Peut-être que Benson se serait adressé à lui d’une manière ou d’une autre – c’est un peu dans sa nature, après tout. Mais disons que Dobes a couru après en réveillant la bête.
Quelques minutes avant de céder face à son rival, l'homme masqué s’en était pris à lui après un coup de sifflet. Il s’est rué sur Benson alors qu’il était étendu tout juste devant son demi-cercle, déjà victime de plusieurs doubles-échecs des coéquipiers du gardien tchèque.
Lorsque l’altercation a pris fin, Dobes a pris le bâton de Benson et l’a lancé dans le coin de la patinoire. La tension venait de grimper d’un cran dans une série plutôt tranquille jusque-là. Tout ça grâce au gardien.
« Il aime ça pour une raison qui m’échappe, a commenté l’attaquant Jake Evans avec le sourire. La majorité des gardiens se tiennent loin des escarmouches et ils font confiance à leurs coéquipiers. Quand il se fait déranger, il devient encore meilleur. »
Même son de cloche du côté d’Alexandre Carrier, qui se retrouve souvent aux premières loges des longues conversations de son gardien autour de son filet.
« C’est son caractère, a ajouté le défenseur. Il aime parler. Il est l’un des seuls gardiens que je connais qui fait ça. Mais quand il le fait, c’est comme si ça voulait dire qu’il est dans sa zone. On le veut concentré et confiant. Pourvu qu’il fasse les arrêts, je me fous qu’il parle un peu. »

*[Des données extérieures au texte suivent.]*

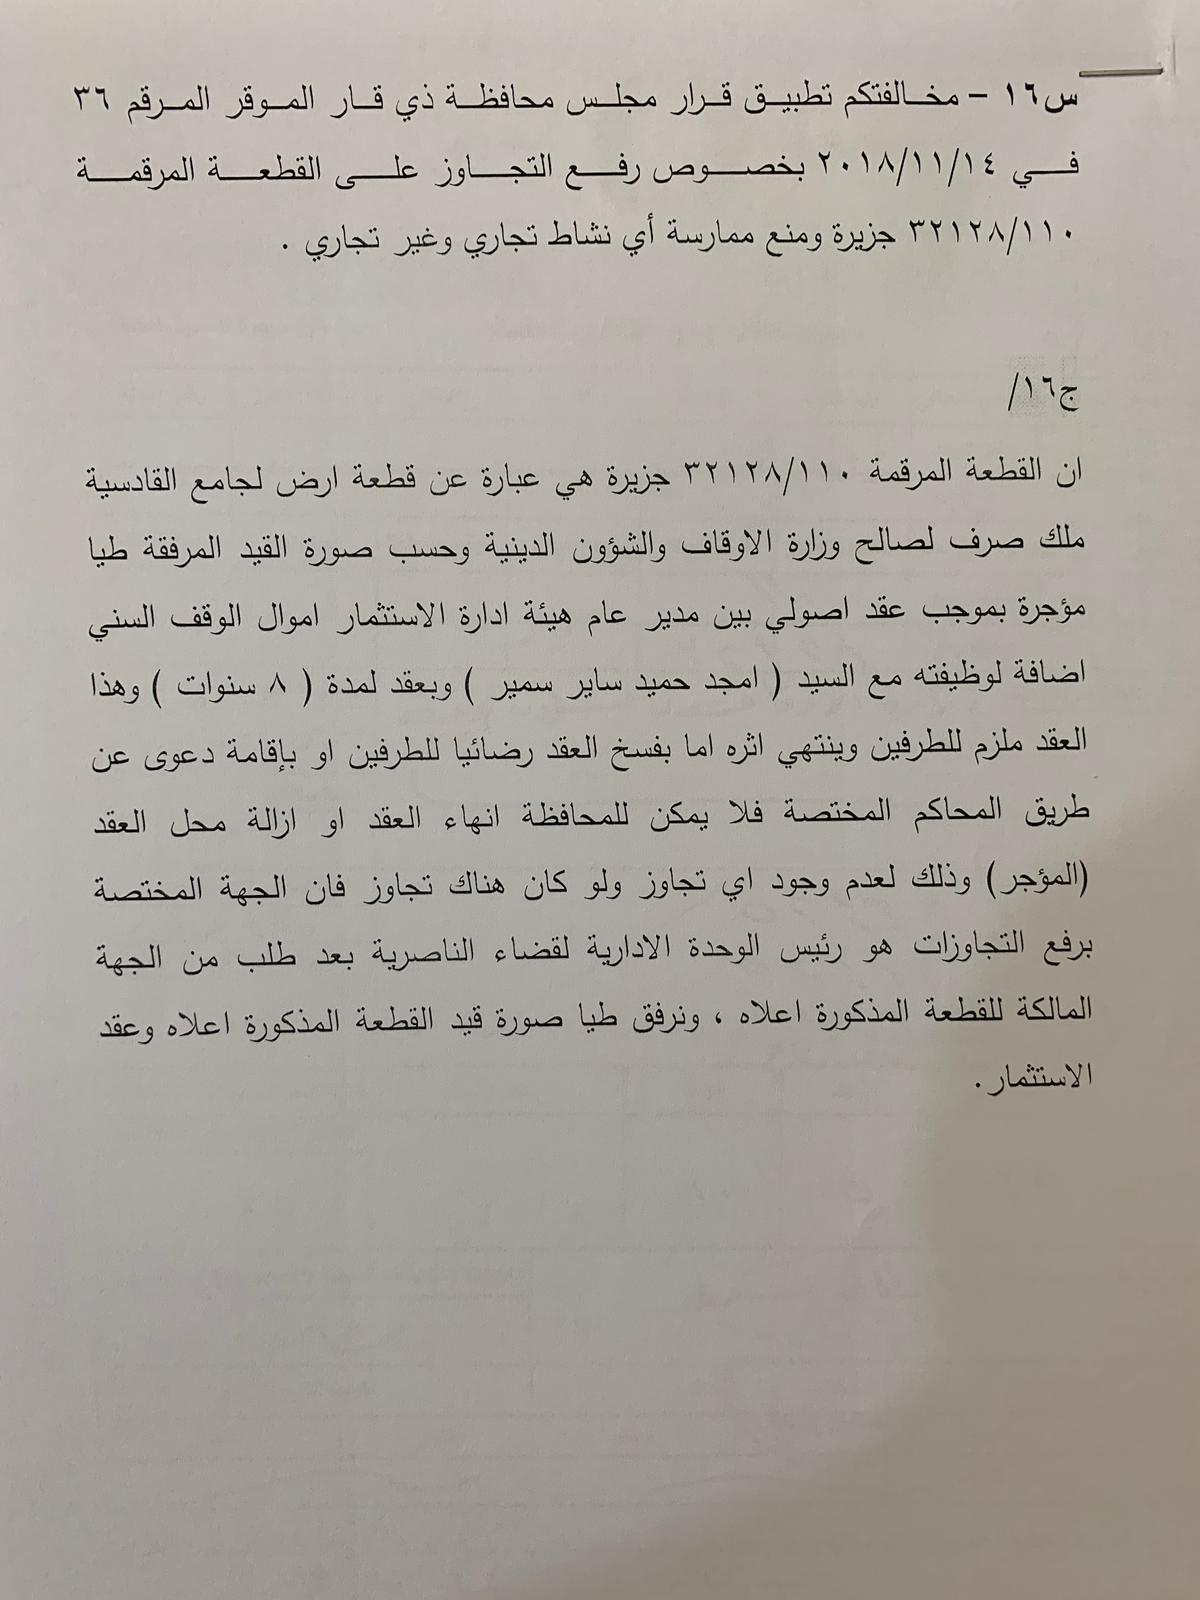 مجلس محافظة ذي قار يطرد المحافظ نجل اية اللة العظمى الناصري

Le deuxième match de cette série confirme la théorie d’Evans et de Carrier. Mis à part le but de son ennemi, sur lequel il ne pouvait absolument rien faire, Dobes a été intraitable. Il a repoussé 28 lancers pour signer sa cinquième victoire du printemps – une autre tout de suite après avoir encaissé un revers.
Ses coéquipiers ont resserré le jeu devant lui, et les chances des Sabres en contre-attaque ont été beaucoup plus limitées qu’au premier match – une défaite de 4-2.
« On venait de jouer un match 7, a plaidé Dobes. J’ai l’impression qu’on n’avait pas eu le temps de nous remettre dans le bain et de bien nous préparer pour cette nouvelle série. Maintenant, on est concentrés sur les Sabres, qui forment une équipe complètement différente que le Lightning.
« Nous avons réussi à apporter les bons ajustements et nous avons repris notre souffle. »
Le portier de 24 ans a aussi retrouvé le feu qui brûlait en lui notamment lors des joutes verbales qu’il a eues avec Nikita Kucherov au premier tour. En Benson, il a assurément trouvé un autre bon interlocuteur et un bon moyen de se motiver.